It’s called the “blame game.” As welfare “reforms” and housing cuts bite increasingly harder, do we ever reach the point where the government concedes that the horror and hardship caused to many is an inevitable consequence of their own policies? Not at all.  Instead we see their adeptness at digging ever deeper holes of denial.

At least Thatcher admitted there was increased unemployment, that it was as a tool of economic policy, and it was, in her opinion, a price worth paying to bring down inflation. Shucks, shame that didn’t work, Maggie. We had high unemployment AND high inflation. But at least she was honest about her original intent.

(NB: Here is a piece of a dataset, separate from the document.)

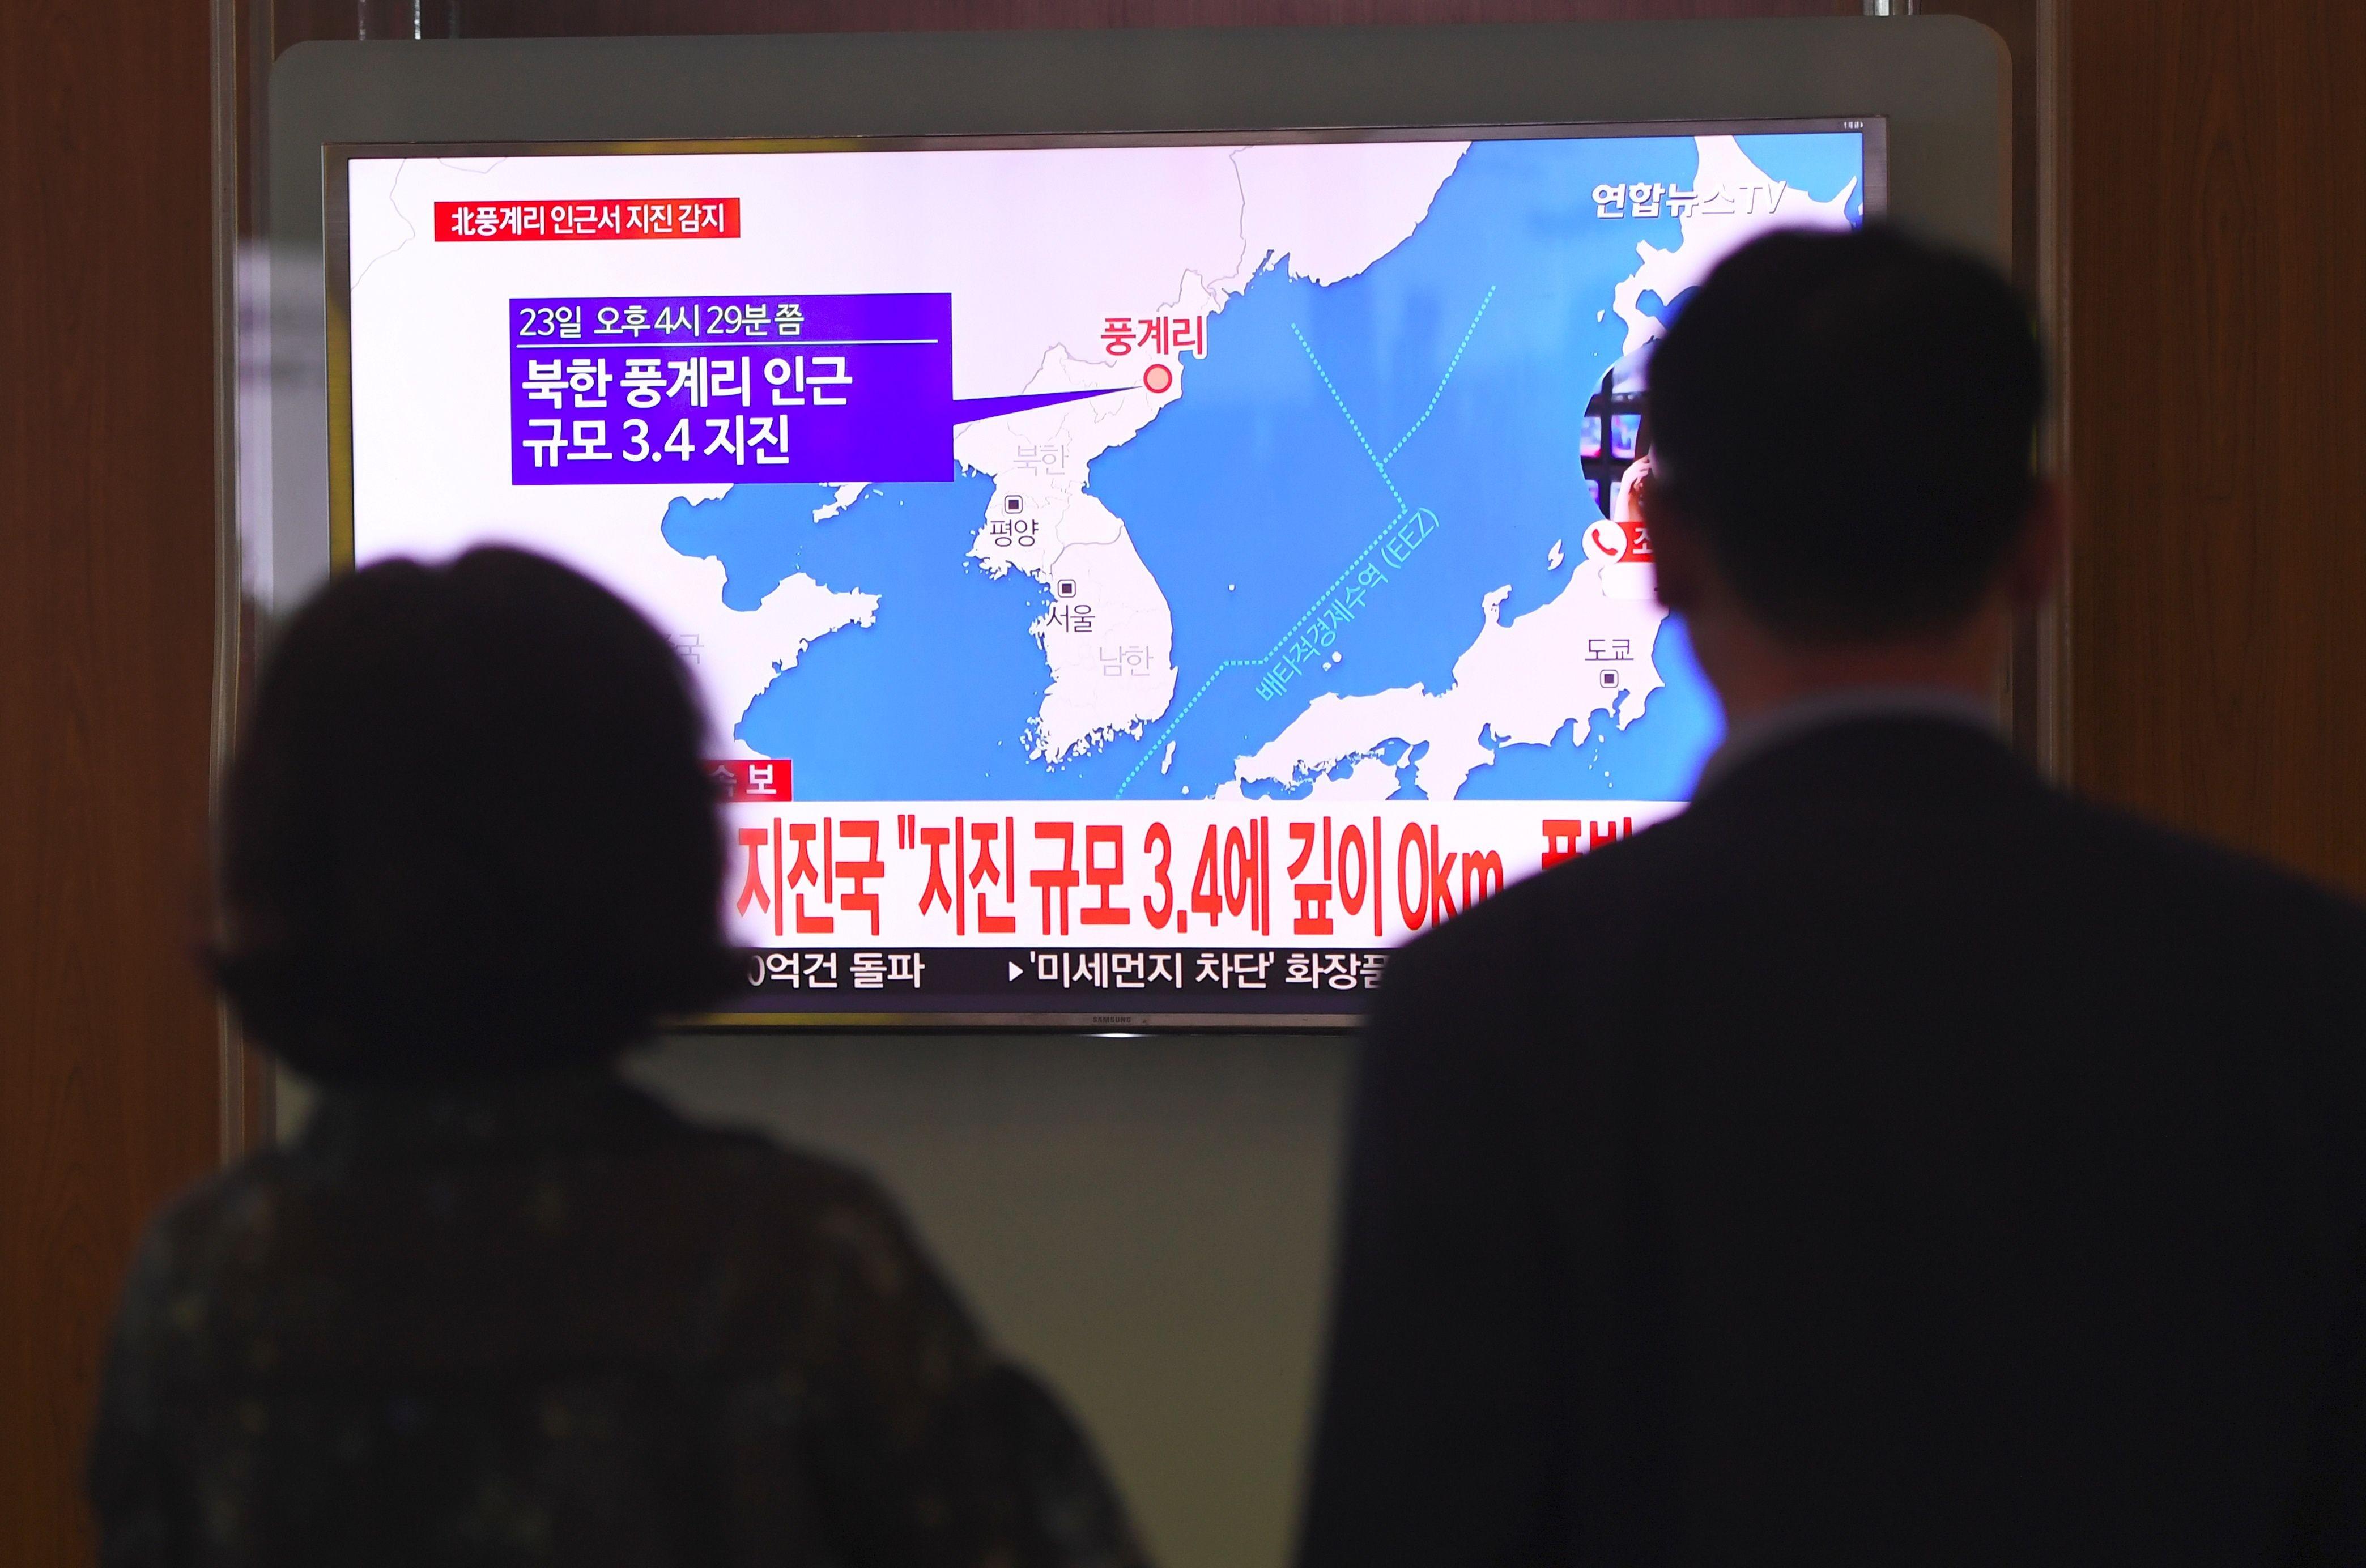 No sound wave, 'it was natural': Chinese, South Korean monitors
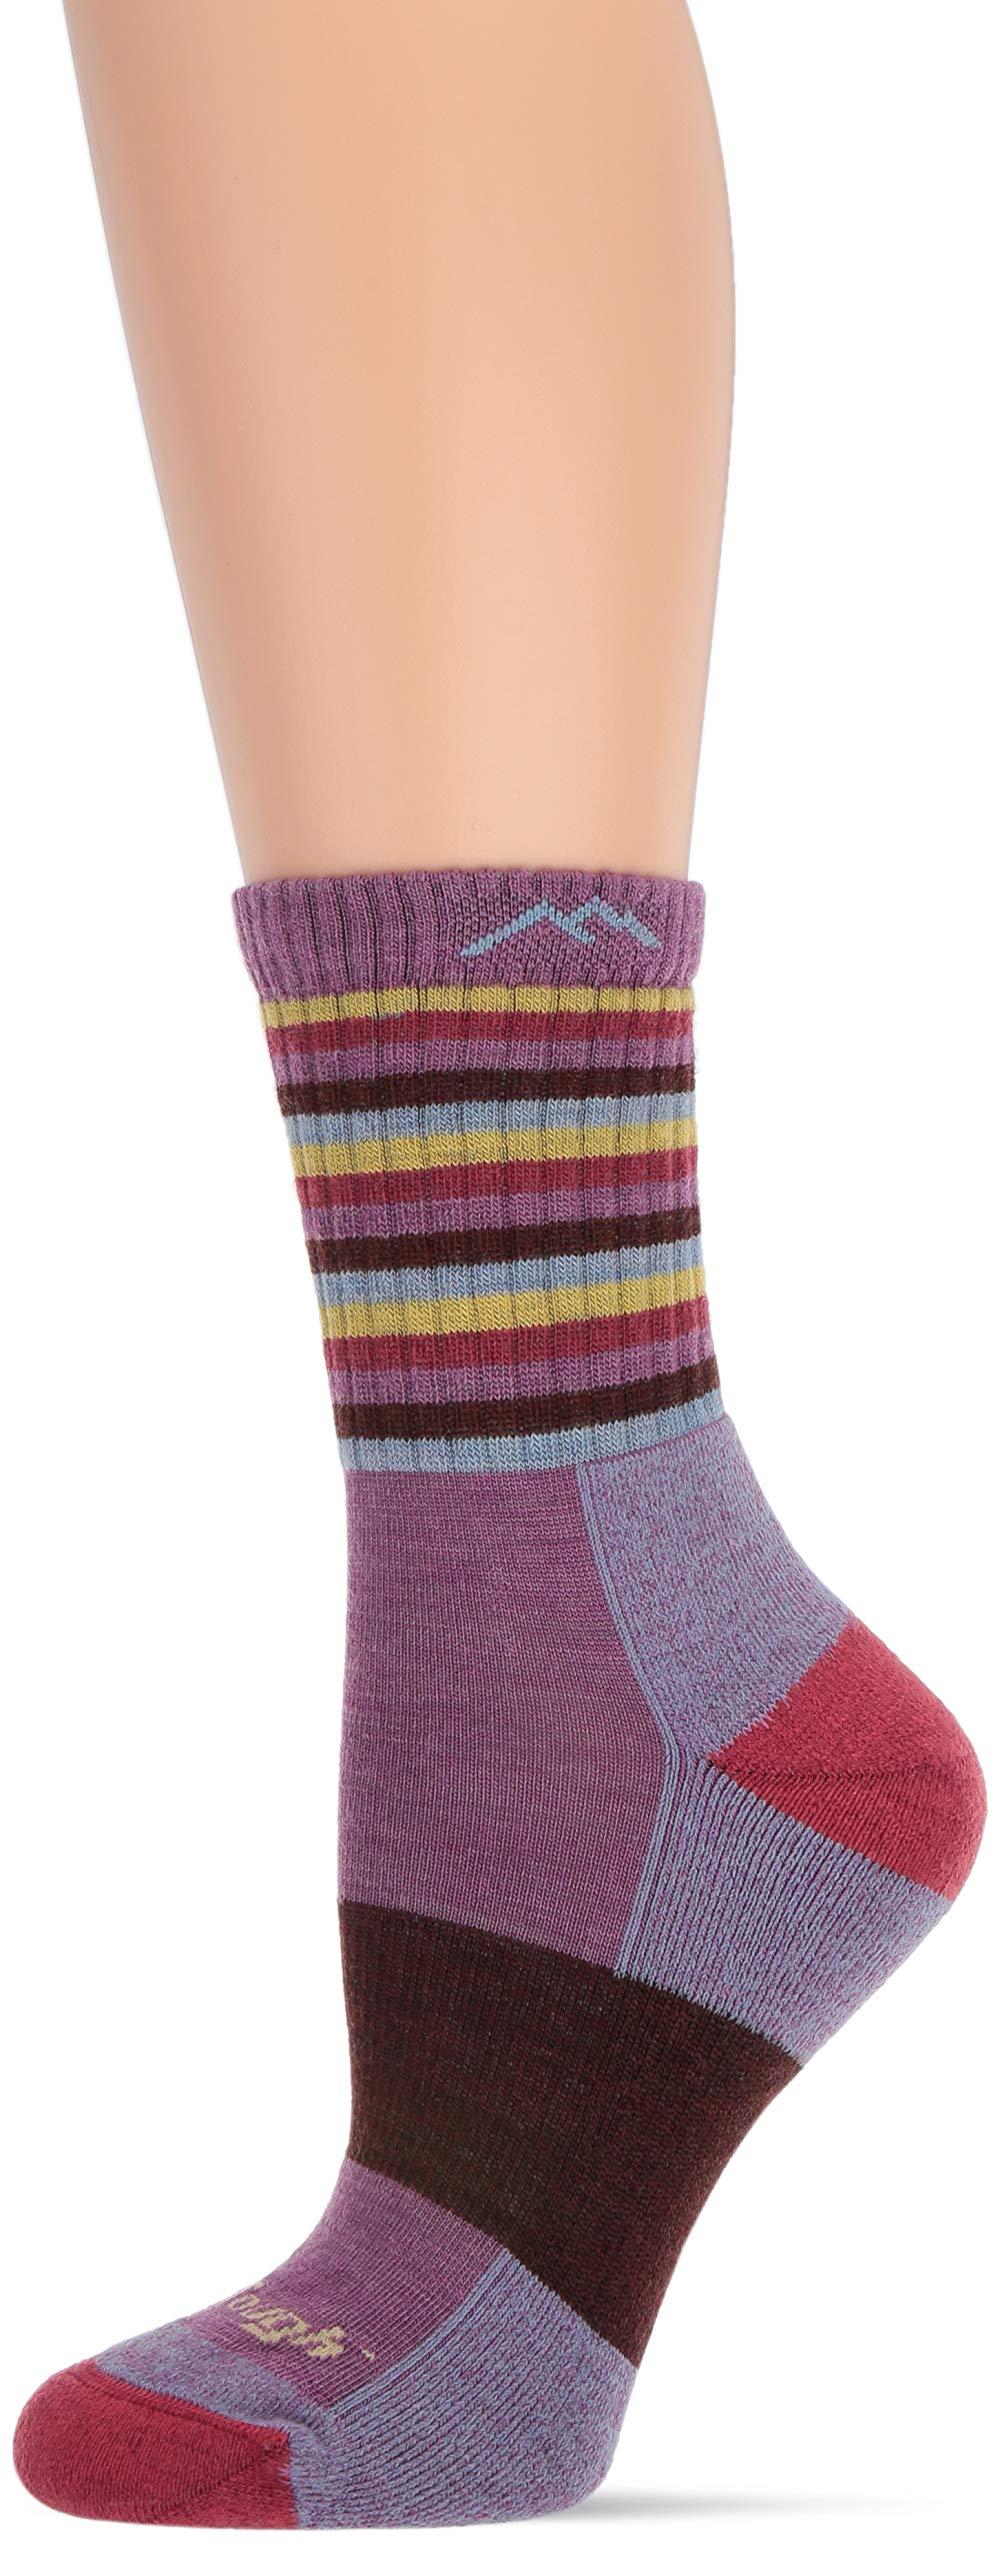 Darn Tough Vermont Women's Merino Wool Micro Crew Stripes Cushion Socks Plum Stripe LG (US 10-11.5) by Darn Tough

The government denies that there is job insecurity, unemployment and underemployment. Or indeed any hardship at all; public sacrifices made through an elites’ economic policy-making. They blame anyone other than the ministers who have instituted the cuts. Whenever some new example of the horrendous effects of their policies is presented to them, they have a range of stock responses. You have to wonder if there is a standard Whitehall crib sheet for ministers. Cases that clearly indicate a correlation between their policies and harm are dismissed as “anecdotal evidence”, and that “no causal link can be established”. 

Correlation often implies a causal link, but to find it, you have to investigate further, rather than issuing flat denials, loudly.

Here is what the crib sheet looks like, in the interests of democracy and open Government:-

Deny that alternatives to austerity are viable

The repetition of a lie ad nauseum is based on the idea Goebbels had – that repeated lies will somehow convince people that they are true. Cameron was busted when he repeatedly told the lie We are paying down the debt. Despite being rumbled, the Coalition have stuck with this lie doggedly. The bonus of the lie is that it may undermine the opposition’s economic credibility, and the Tories particularly delight in the lie that it’s all Labour’s fault because they “overspent” as it further justifies austerity measures and starving public services of Government funding, with our paid taxes, as well as stripping our welfare provision away.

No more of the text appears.